Using the data below, output a verbatim copy of the lines between the one holding "Sport boy. Clothing and sport" and the one holding "Visitors are dwarfed", inclusive, without any pictures.

## SOURCE MATERIAL
☆ ☆ ☆ ☆ ☆ ☆ ☆
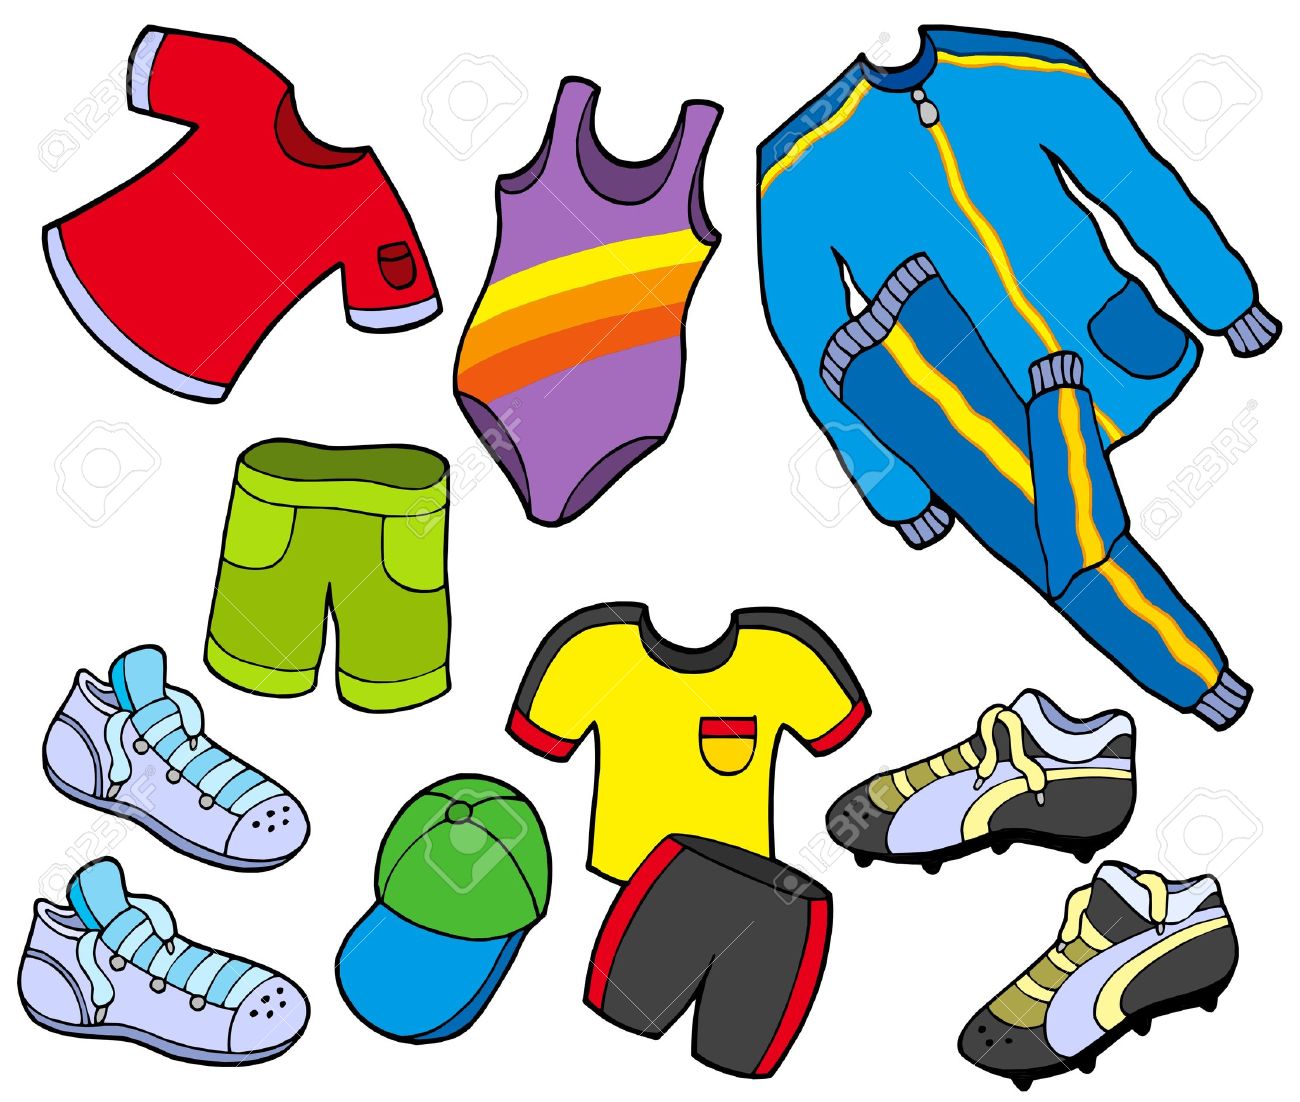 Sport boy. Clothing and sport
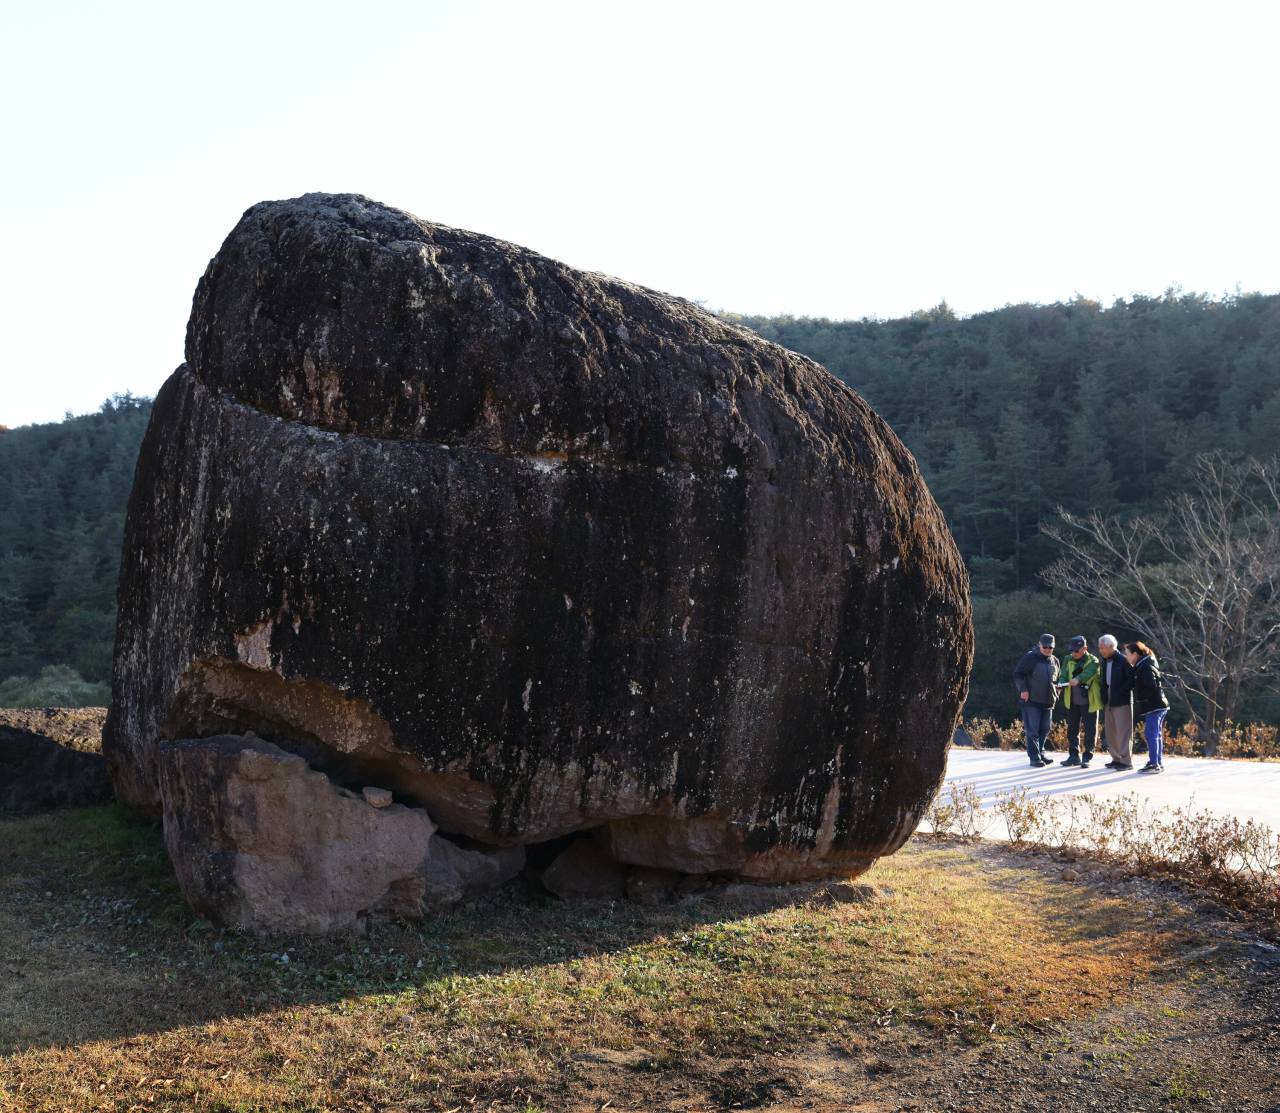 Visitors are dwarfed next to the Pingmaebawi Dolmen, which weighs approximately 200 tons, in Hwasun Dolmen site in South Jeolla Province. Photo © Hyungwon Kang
☆ ☆ ☆ ☆ ☆ ☆ ☆
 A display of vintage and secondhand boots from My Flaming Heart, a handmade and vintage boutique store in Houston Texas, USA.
☆ ☆ ☆ ☆ ☆ ☆ ☆
## EXERCISE RESPONSE
 Sport boy. Clothing and sport
 Visitors are dwarfed next to the Pingmaebawi Dolmen, which weighs approximately 200 tons, in Hwasun Dolmen site in South Jeolla Province. Photo © Hyungwon Kang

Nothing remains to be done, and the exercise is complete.